The notebook is designed with the aim to allow students to explore the topic by themselves. For the user there is no single red line to follow. She/he may choose a method, obtain a result and check the accuracy. Due to this concept of user-friendliness the notebook is especially appropriate for self-teaching in online classes.
The notebook may be used in classes of hydrogeology, when it’s the turn of aquifer testing. For graduates with programming background it can be used differently than for undergraduates. During the lectures the instructor may introduce the concept of inverse modelling and explain the notebook as an example of solving optimization problems by iterative algorithms. Students with programming background may be interested to look into the coding, which they can do.

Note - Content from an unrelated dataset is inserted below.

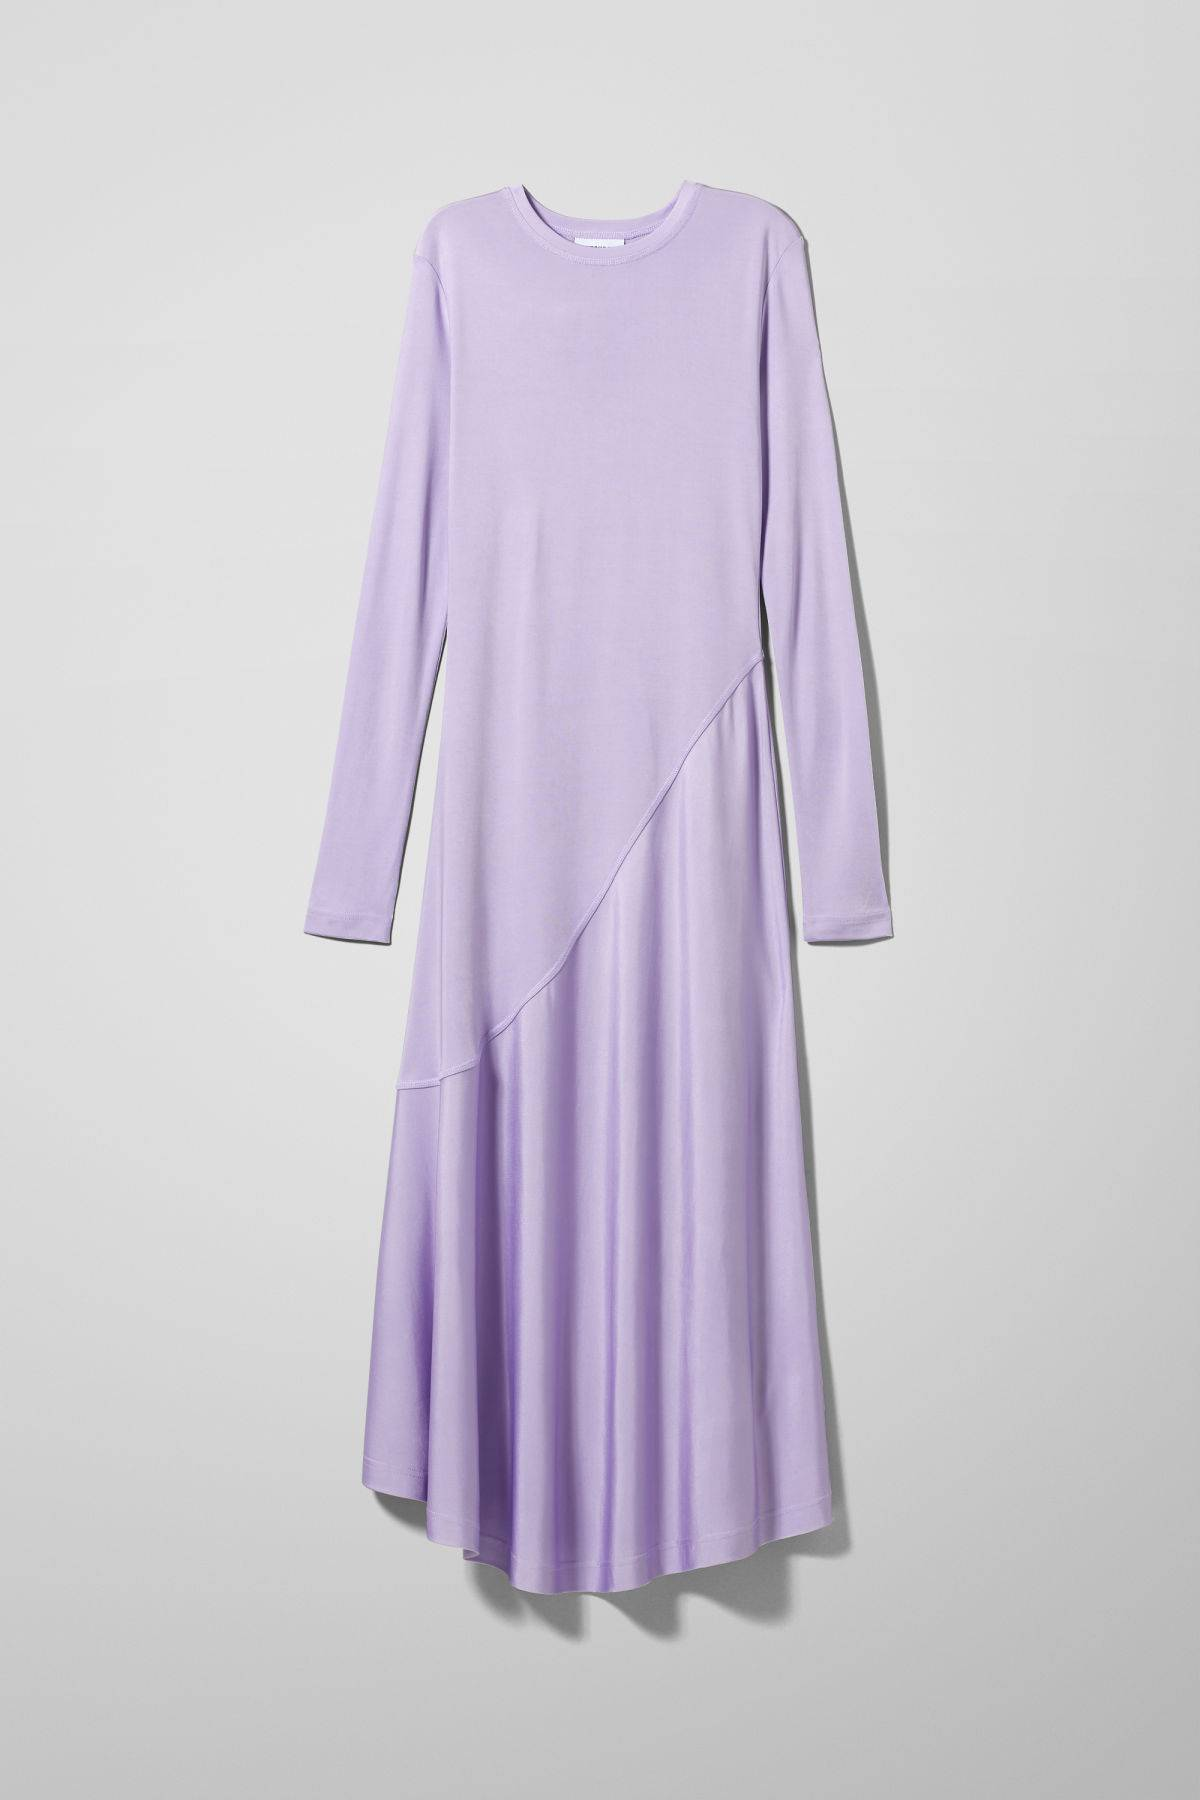 Image of Karen Dress - Purple-M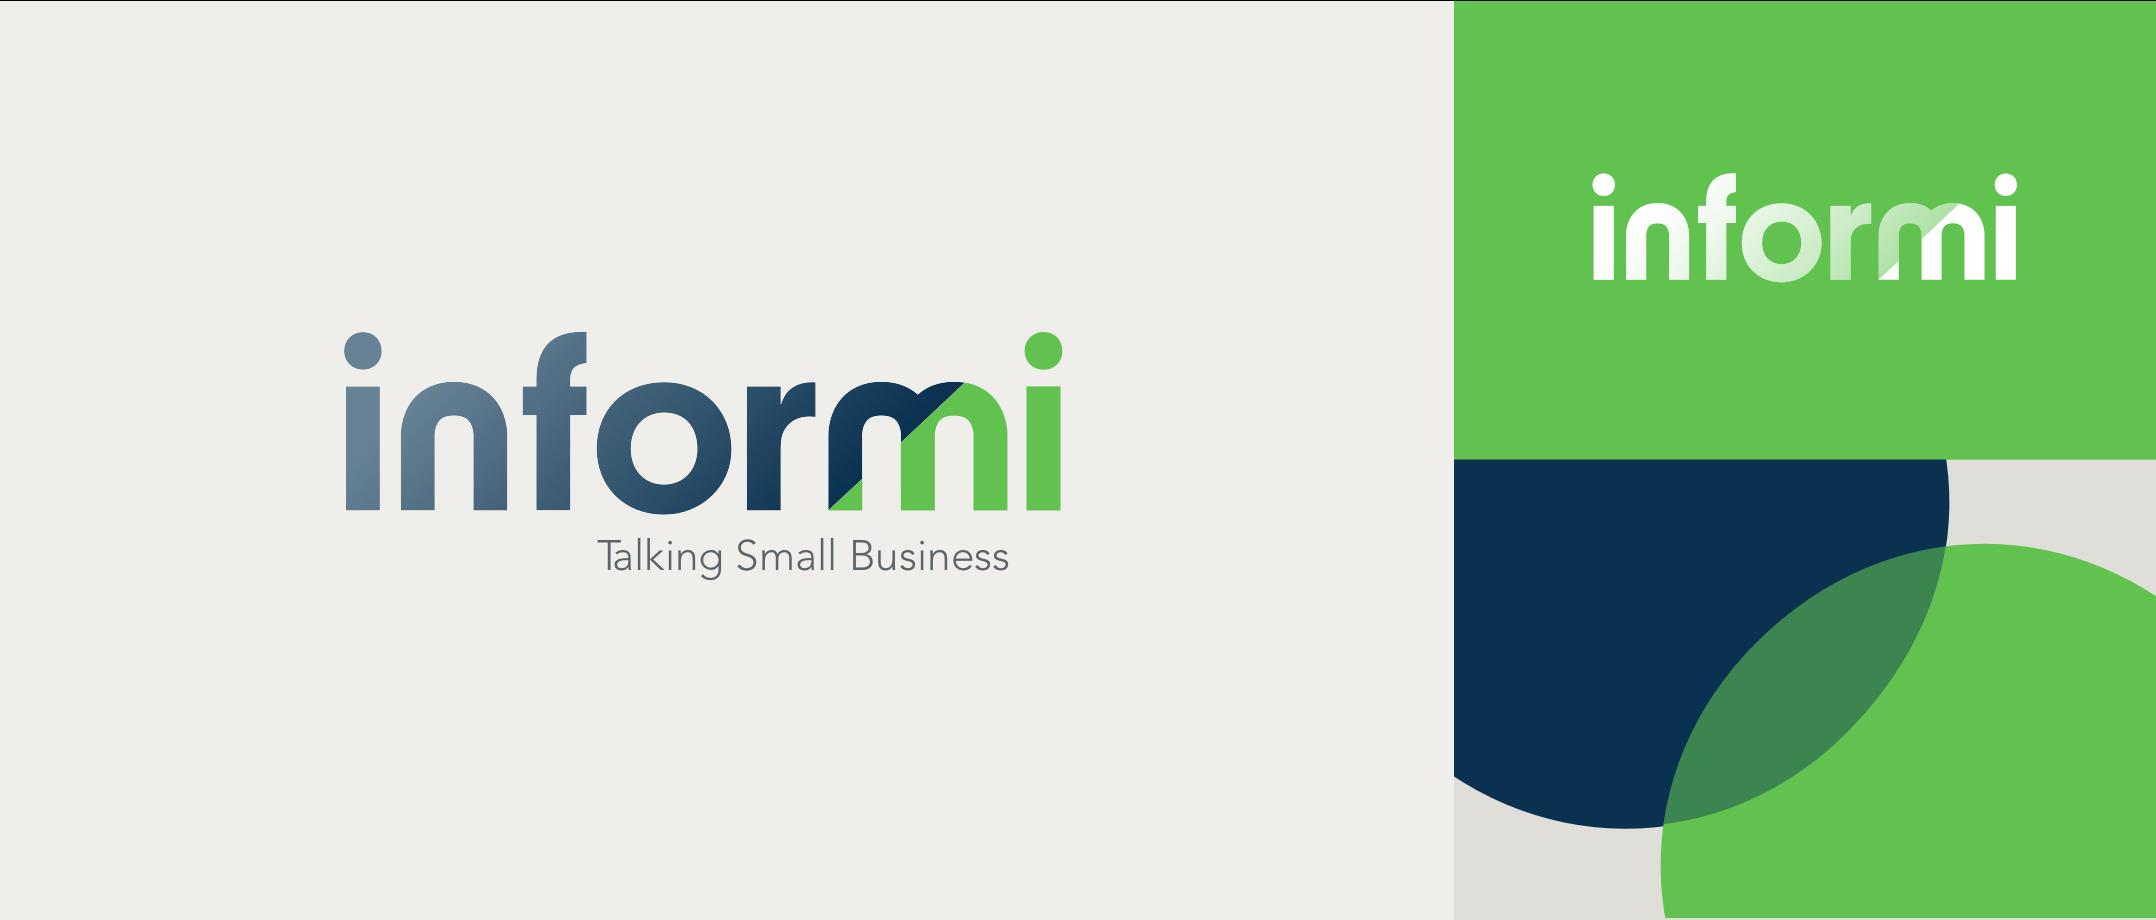 Inform logo & pattern

In the undergraduate class, for which the notebook was implemented, a task sheet was submitted to the participants. The students had to list the results of the different methods for the given pumping test and to compare the accuracy of the results. The task sheet is included in the github source. Later a similar task sheet was used for an assignment, where each student was asked to assume a different pumping rate. Notebooks that are designed in the described way enable individual tasks and thus individual grading.
The Hydraulic-testing notebook demonstrates, how a Jupyter notebook can be designed for online use by students with or without programming skills. Depending on the previous knowledge in the class the instructor can decide how to use the notebook and what has to be taught in the lectures additionally.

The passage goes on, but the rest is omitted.